Prokaryotes in the superficial sediments are ecologically important microorganisms that are responsible for the decomposition, mineralization and subsequent recycling of organic matter. The aim of this study was to explore the phylogenetic and functional diversity of halophilic archaea and bacteria isolated from the superficial sediments of solar salterns at Sfax, Tunisia. Sixty four strains were isolated from crystallizer (TS18) and non-crystallizer (M1) ponds and submitted to genotypic characterization and evaluation by amplified ribosomal RNA restriction analysis (ARDRA) techniques. Our findings revealed that the archaeal diversity observed for 29 isolates generated five distinct patterns from the non-crystallizer M1 pond, with Halorubrum chaoviator as the most prevalent cultivable species. However, in the TS18 crystallizer pond, ten restriction patterns were observed, with the prevalence of haloarchaea EB27K, a not yet identified genotype.

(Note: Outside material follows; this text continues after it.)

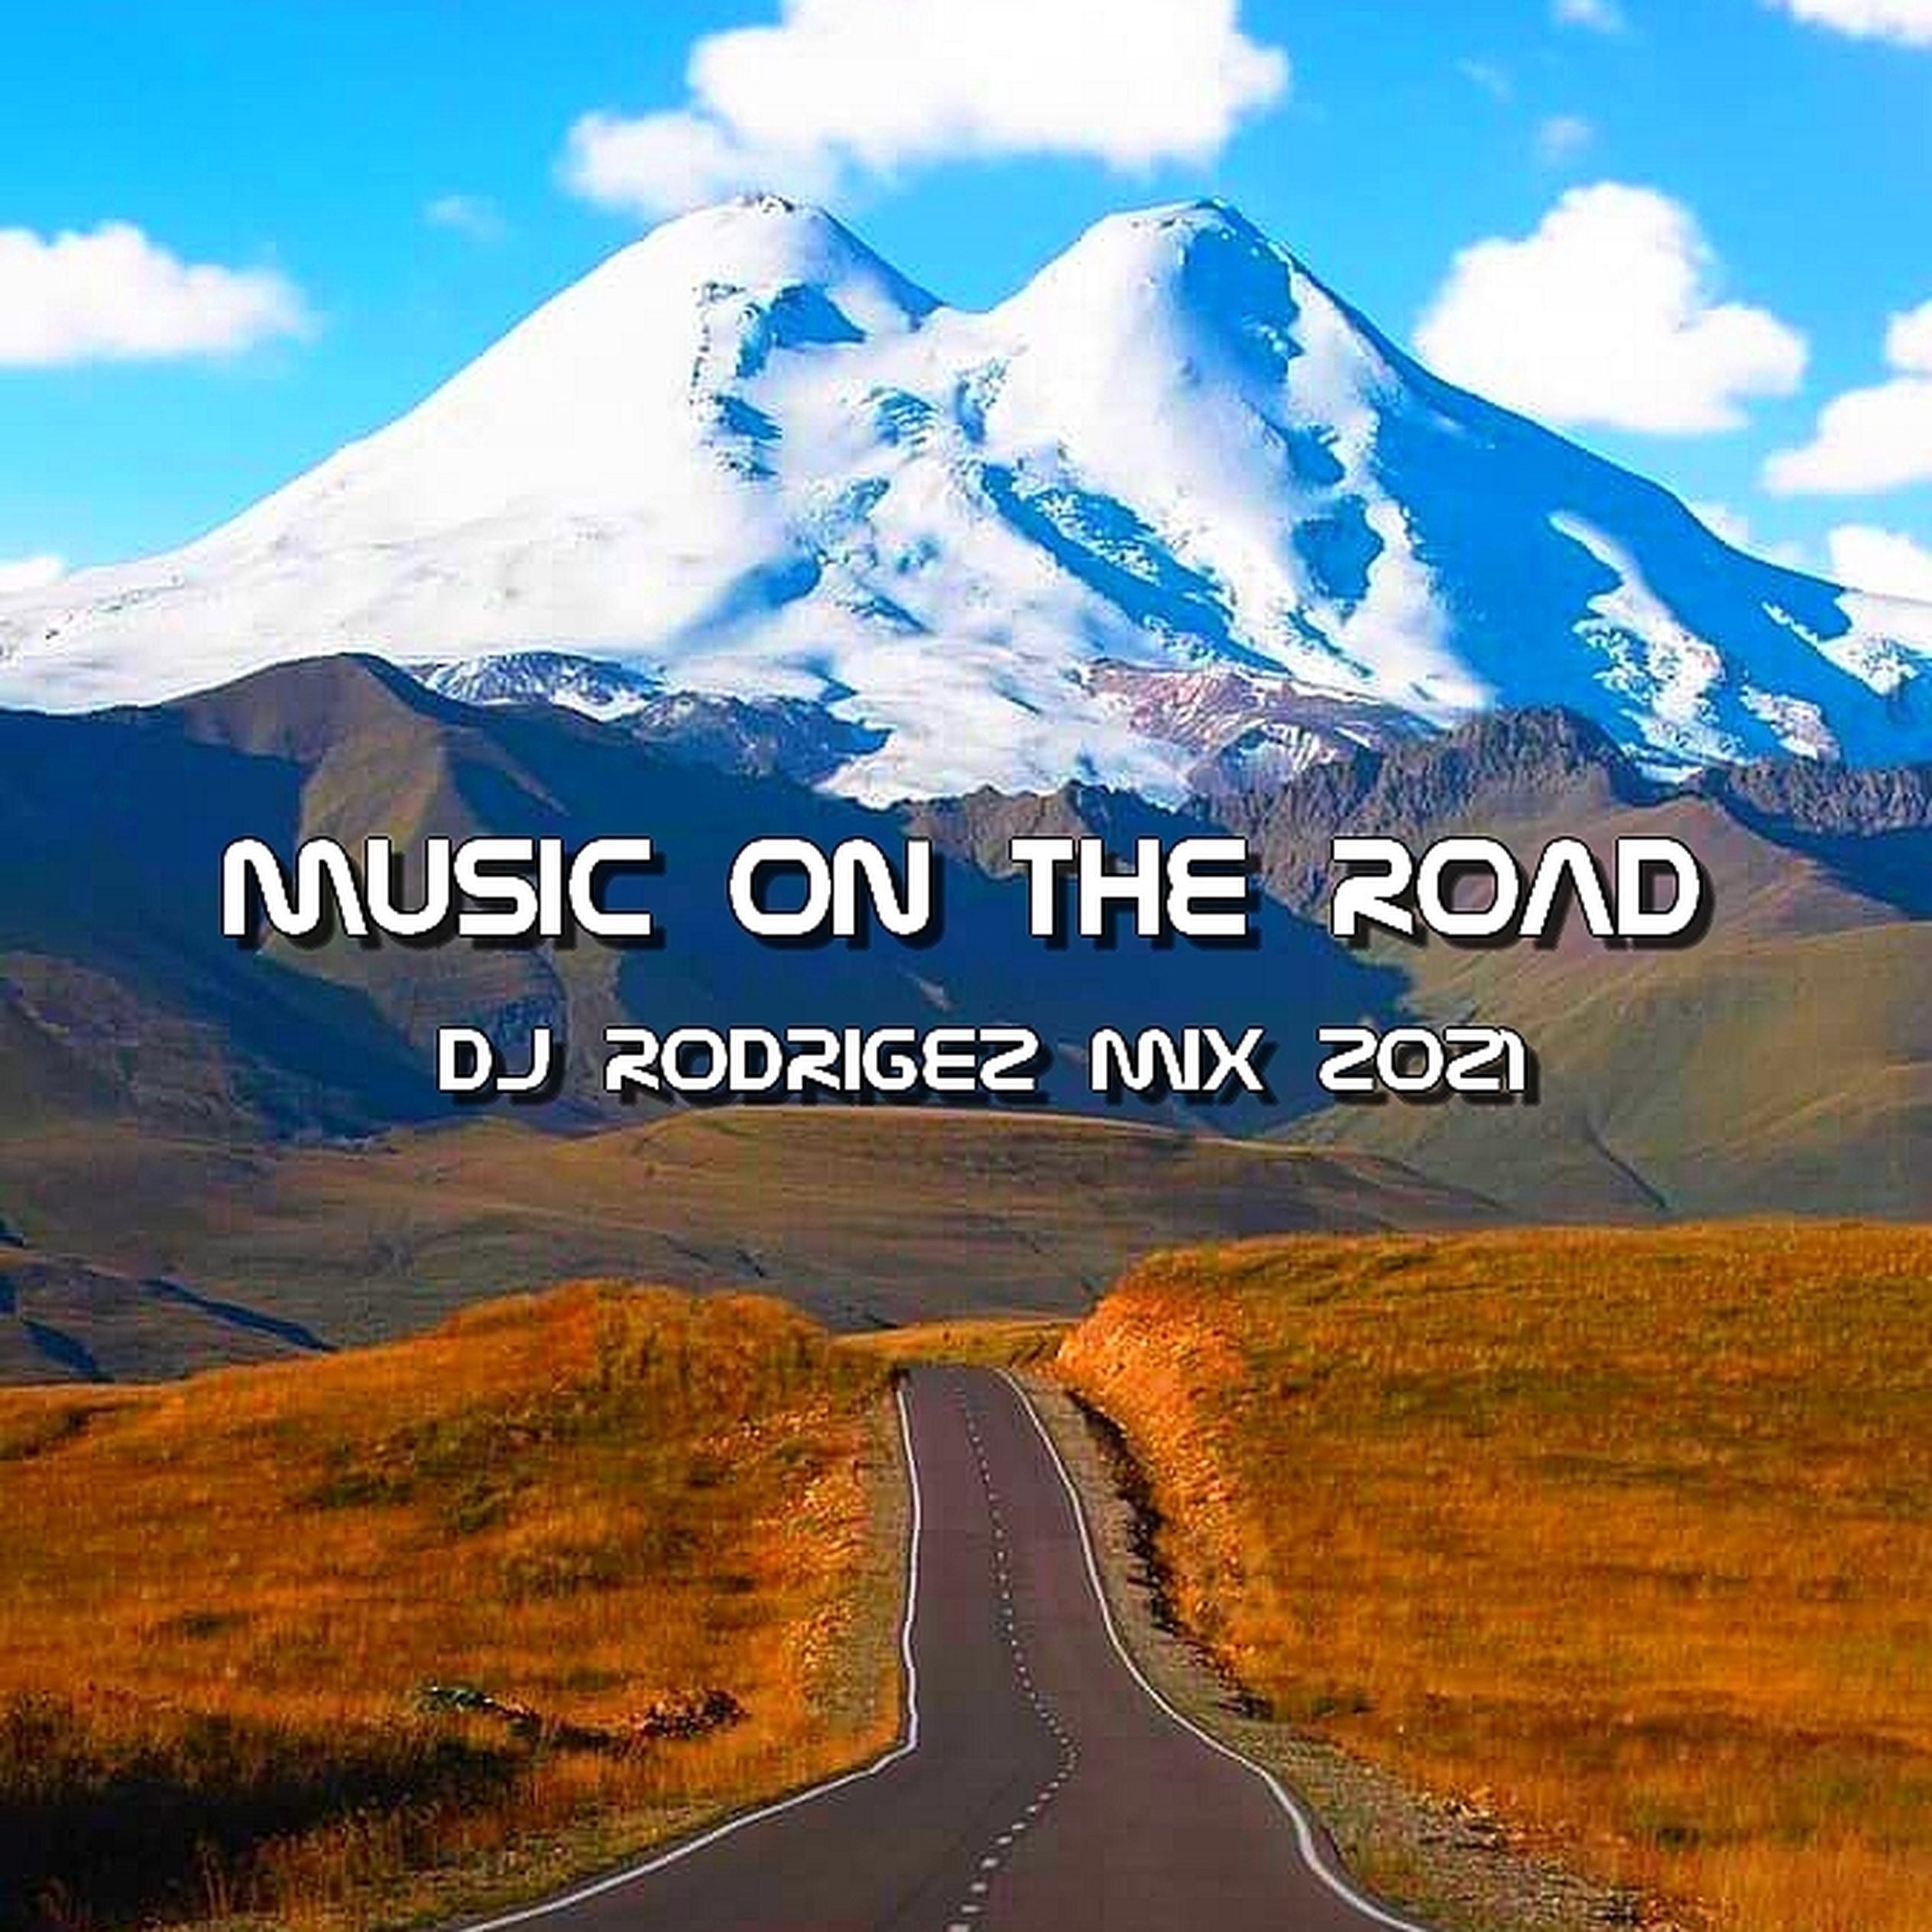 Твоя дорога слушать. Music for the Road. Music в дорогу. End of the Road DJ Antonio feat. Aris обложка.

The construction of a neighbour-joining tree of 16S rRNA gene sequences resulted in the division of the potential new species into two major groups, with four strains closely related to the sequence of the unculturable haloarchaeon EB27K and one strain to the recently described Halovenus aranensis strain. The 35 bacterial strains observed in this work were present only in the non-crystallizer pond (M1) and presented two distinct ARDRA patterns. These strains belonged to the γ-proteobacteria subdivision, with members of Salicola marasensis (83 %) being the most predominant species among the isolates. 16S rRNA gene sequencing revealed that Salicola strains displayed different degrees of homogeneity. The results from pulsed field gel electrophoresis assays showed that the Salicola isolates could be clustered in two distinct groups with different genome sizes.